BEGIN Recorded information

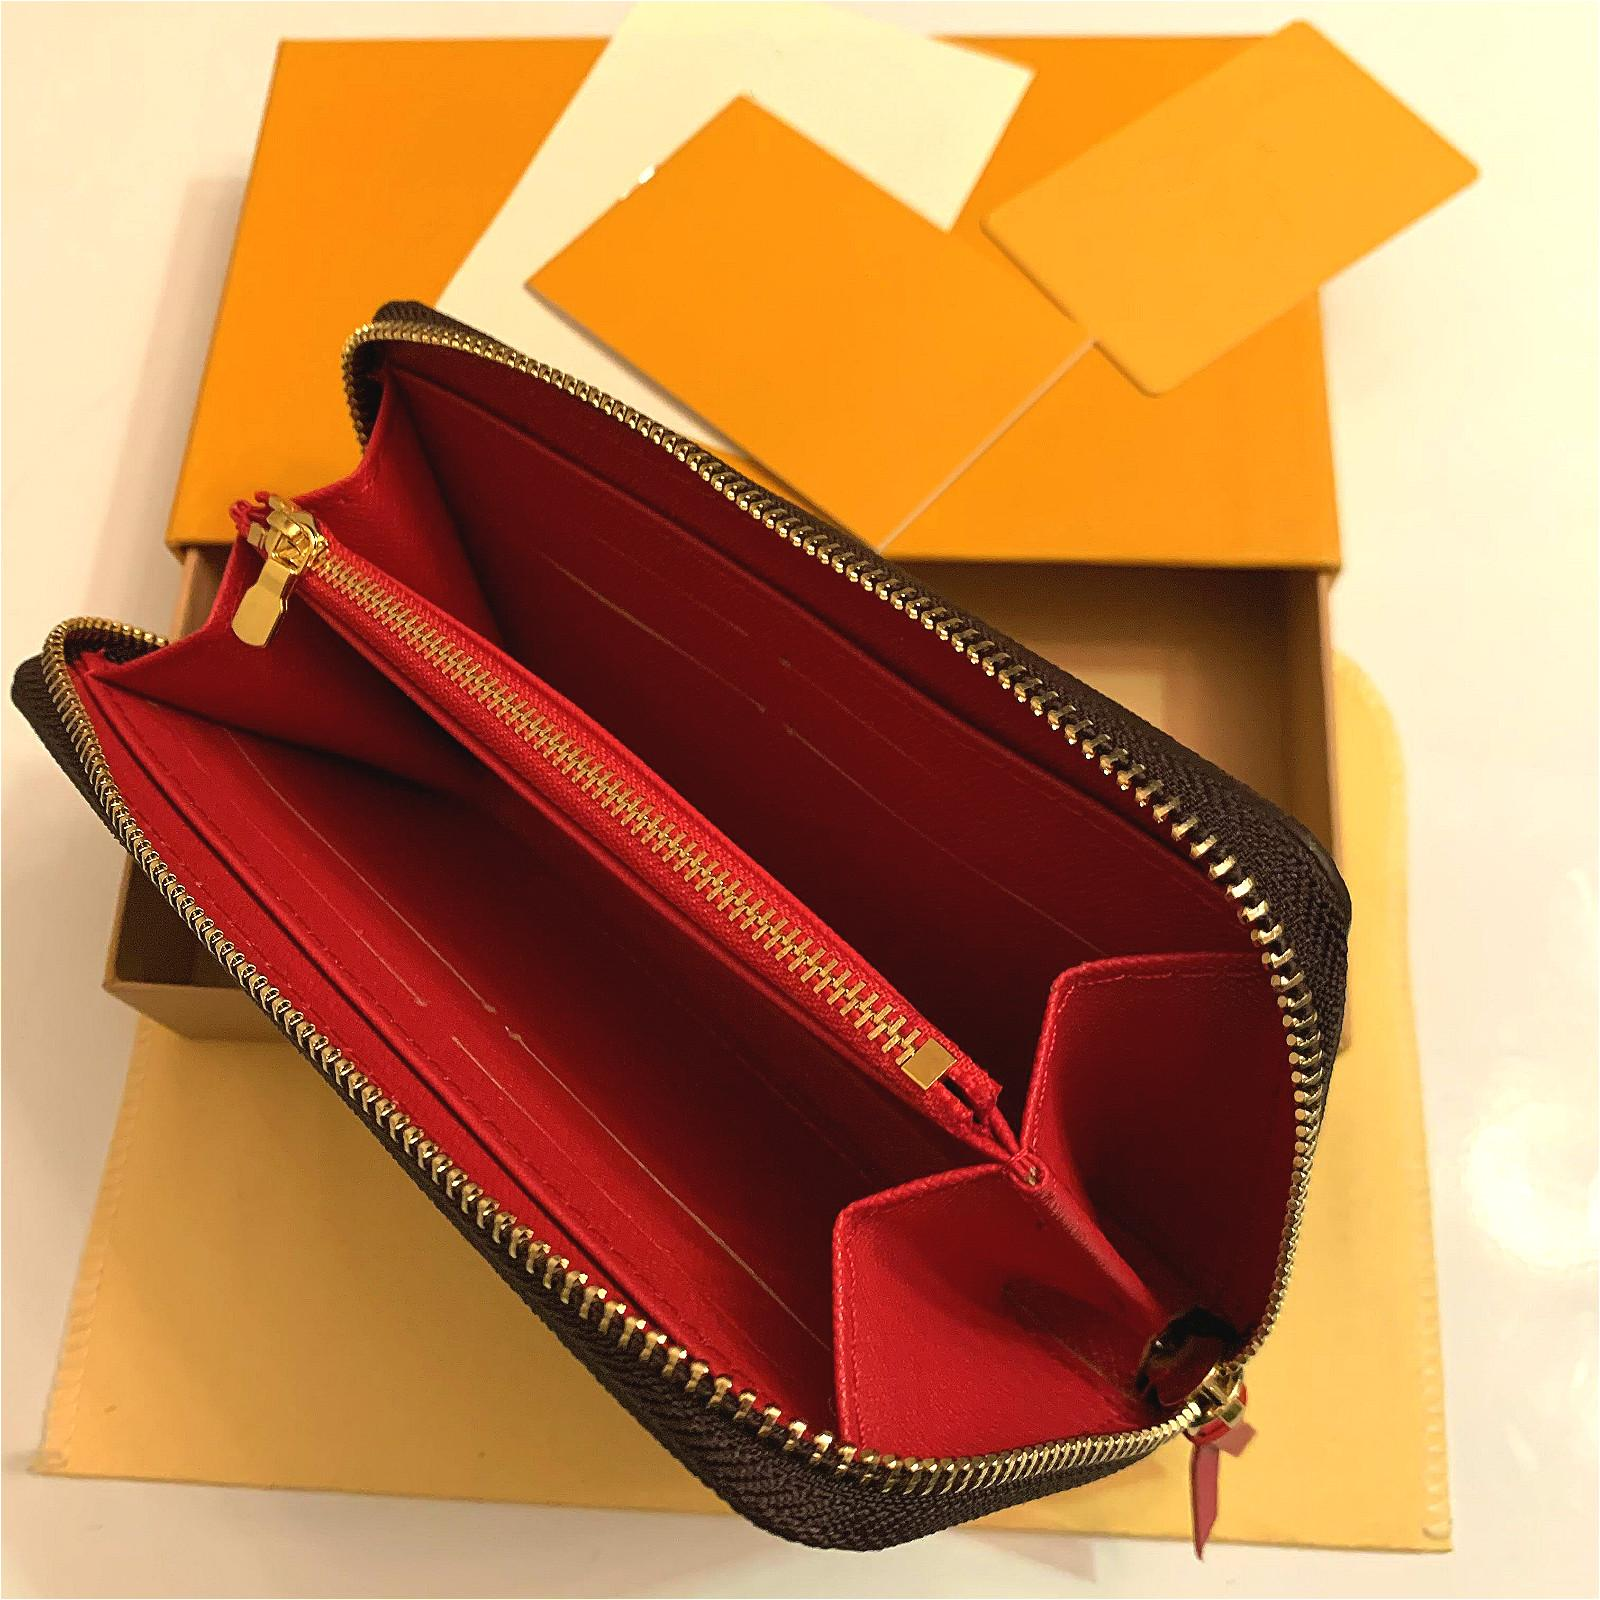 M60742 Clemence кошелек дизайнер женские Zippy длинный холст CLÉMENCE ключевой кошелек чехол монеты кошелек держатель карты Case Mini Pochette Accessoires CLES
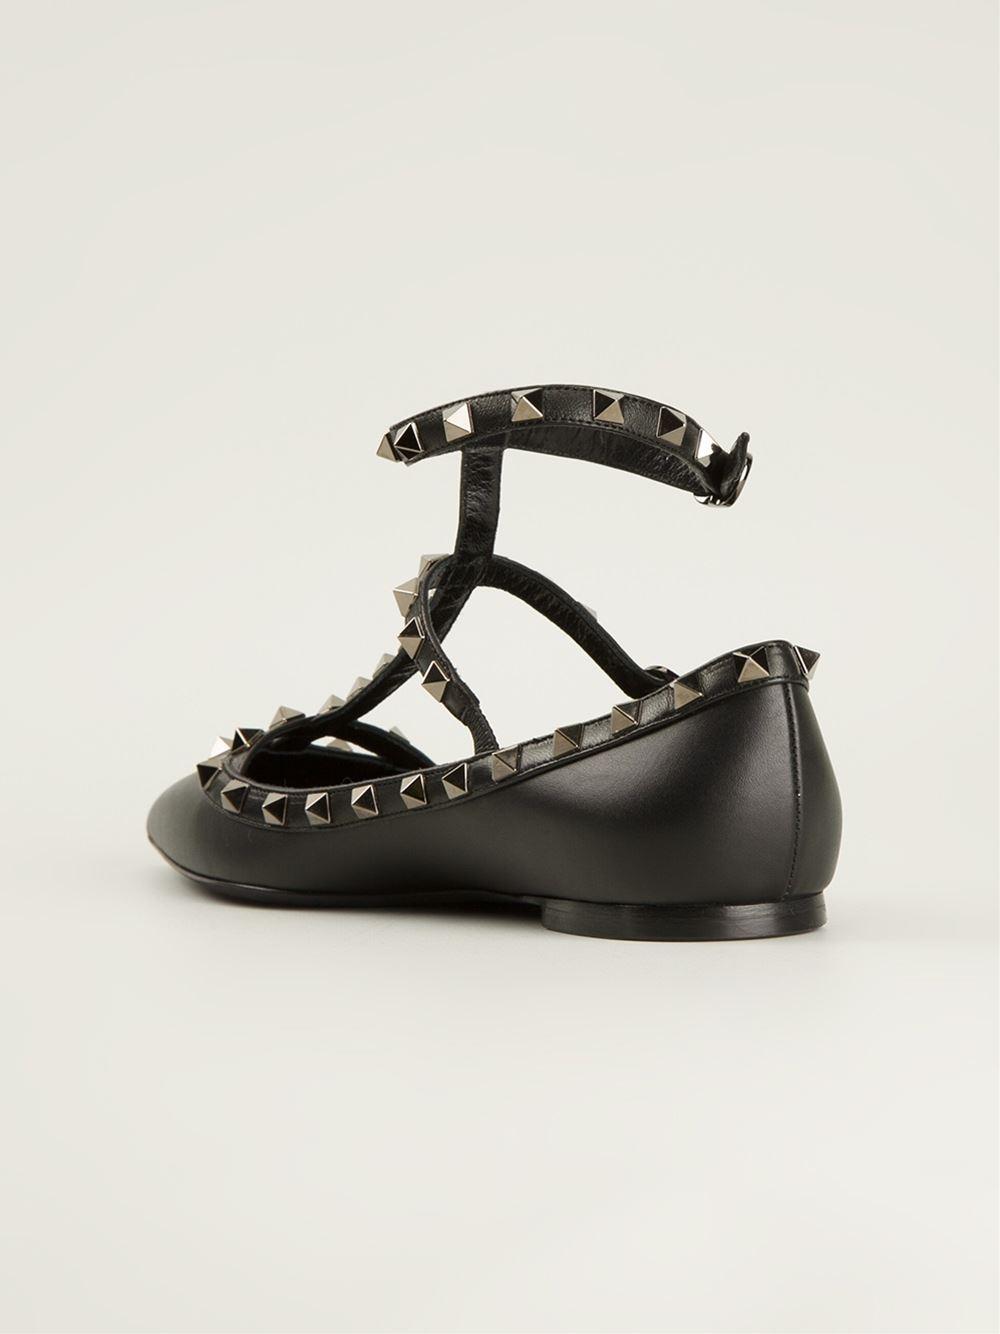 valentino 39 rockstud noir 39 ballerinas in black lyst. Black Bedroom Furniture Sets. Home Design Ideas
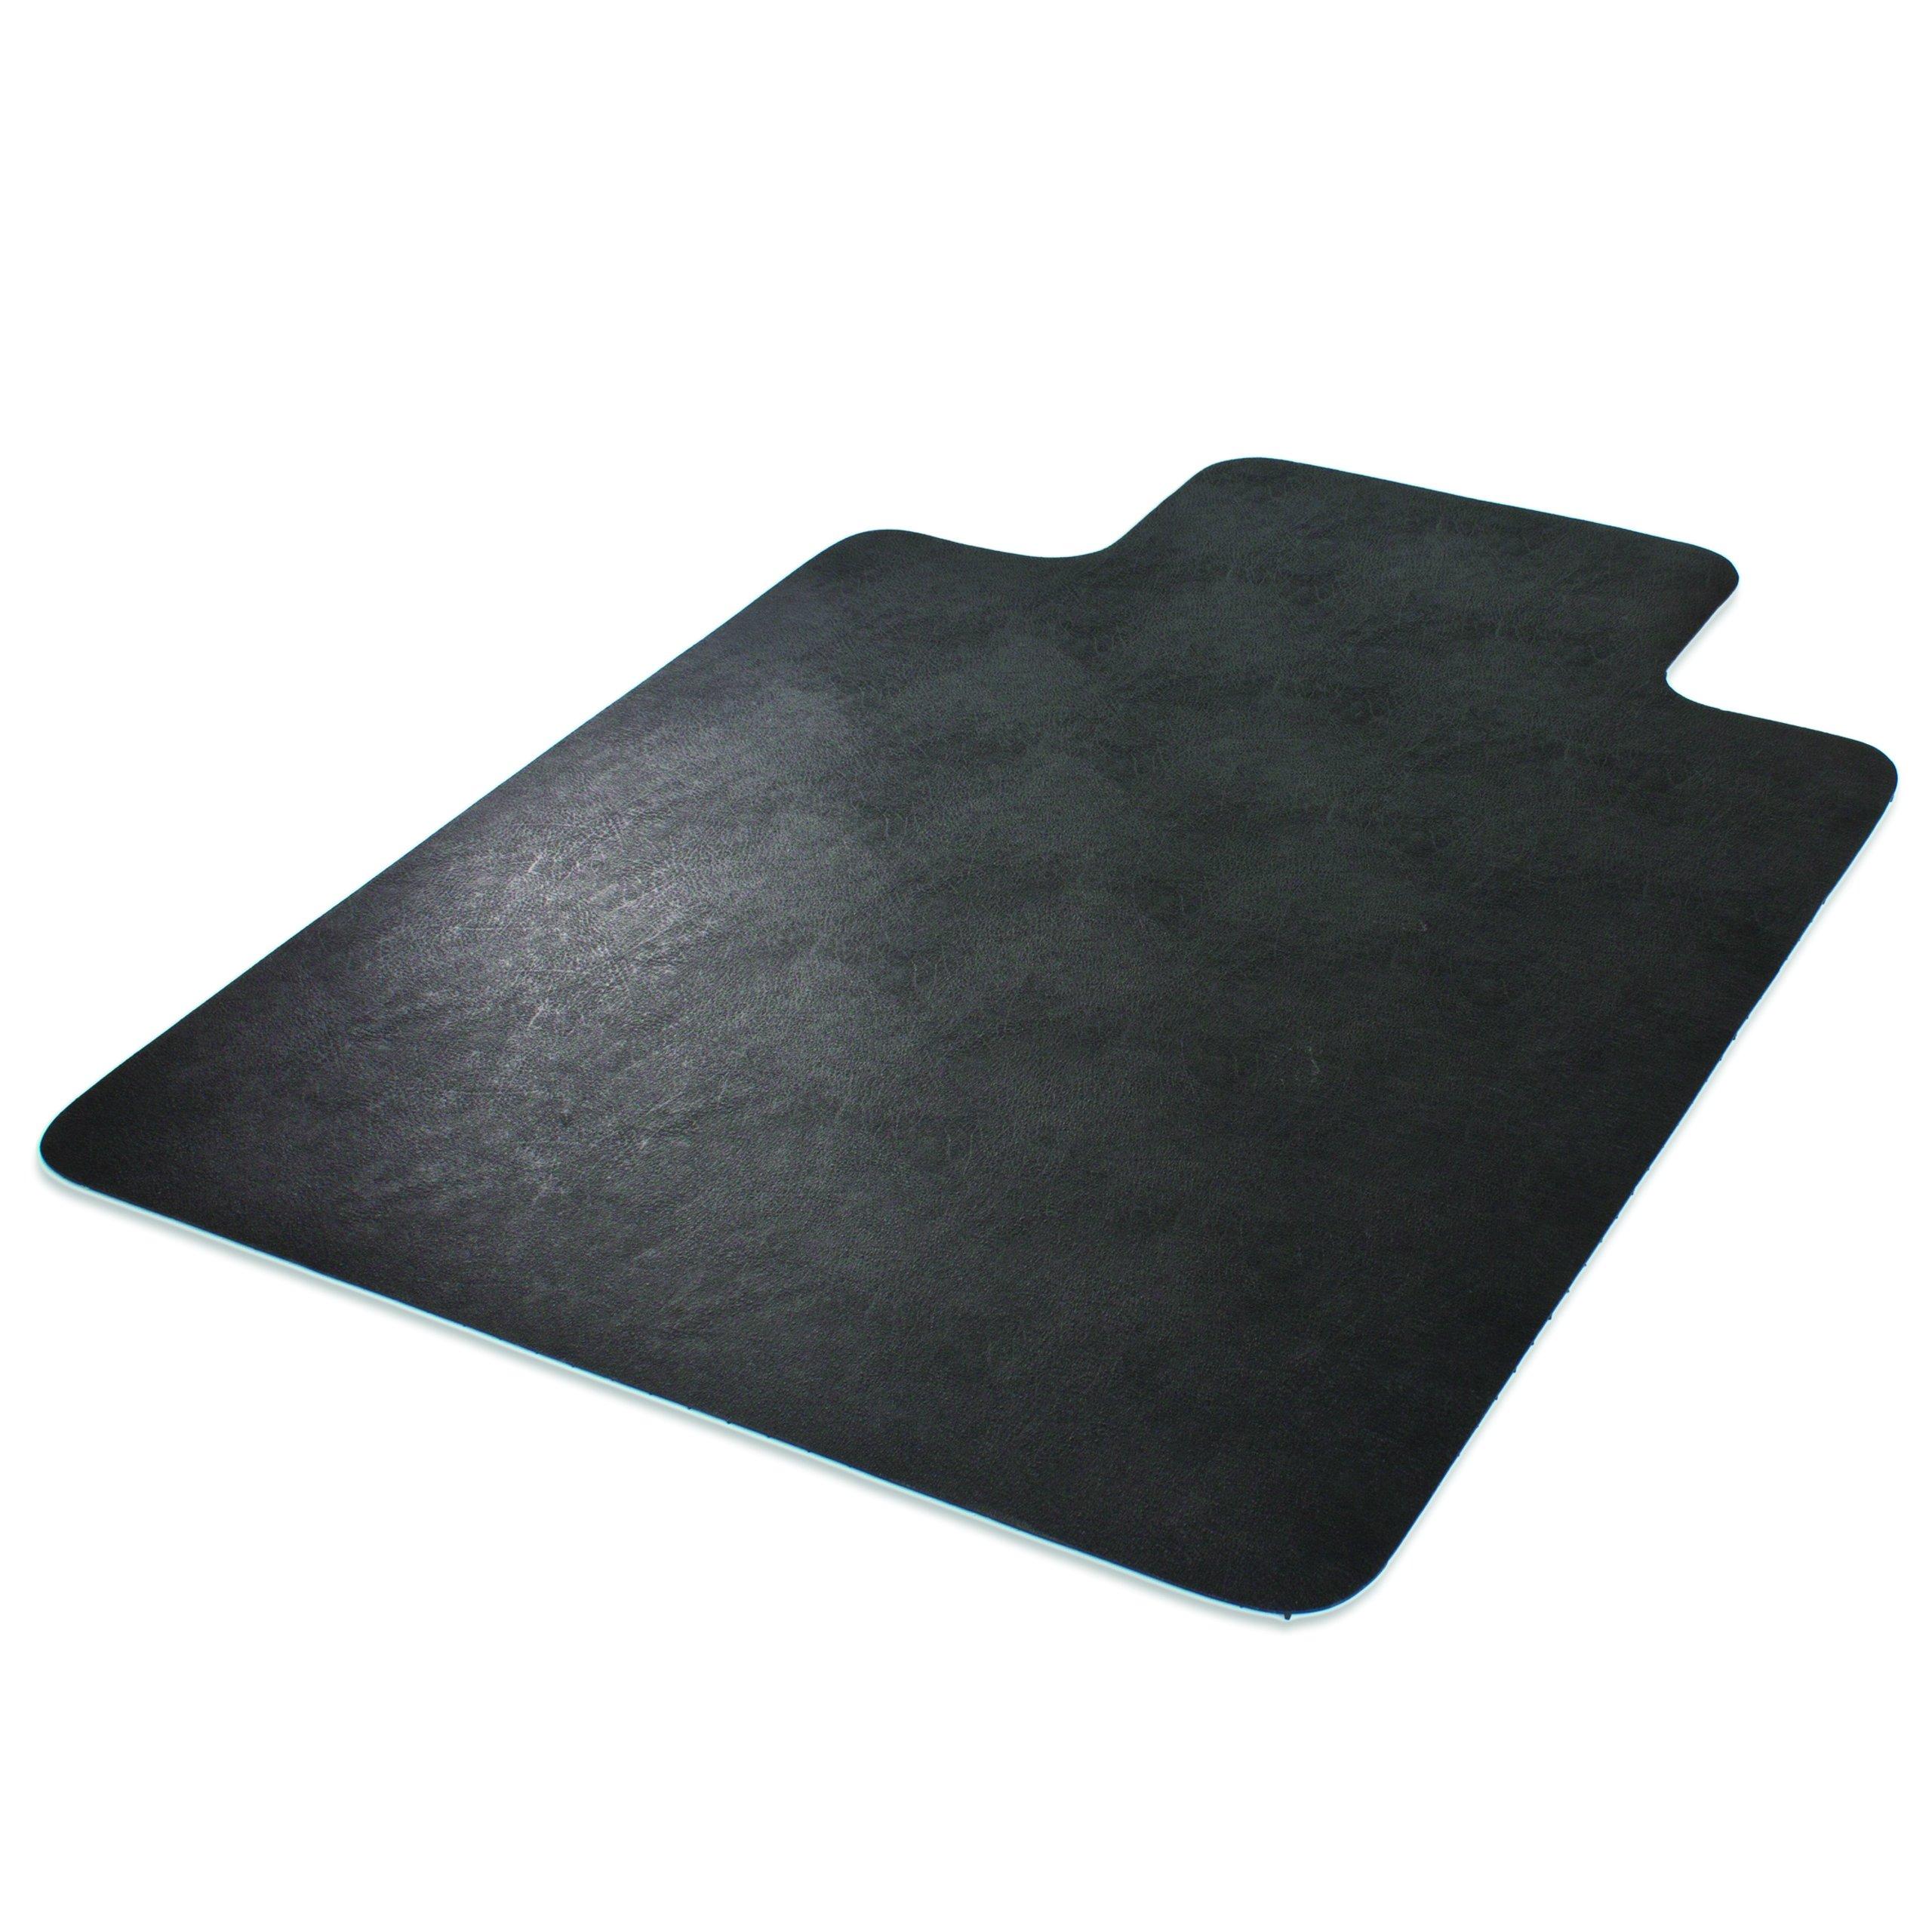 Deflecto EconoMat Chair Mat, Non-Studded for Hard Floors, Straight Edge, 45'' x 53'', Black (CM21232BLKCOM) by Deflecto

END Recorded information

## What is expected
Please return the full listing word for word, but without any pictures.

## Answer for this exercise
 M60742 Clemence кошелек дизайнер женские Zippy длинный холст CLÉMENCE ключевой кошелек чехол монеты кошелек держатель карты Case Mini Pochette Accessoires CLES
 valentino 39 rockstud noir 39 ballerinas in black lyst. Black Bedroom Furniture Sets. Home Design Ideas
 Deflecto EconoMat Chair Mat, Non-Studded for Hard Floors, Straight Edge, 45'' x 53'', Black (CM21232BLKCOM) by Deflecto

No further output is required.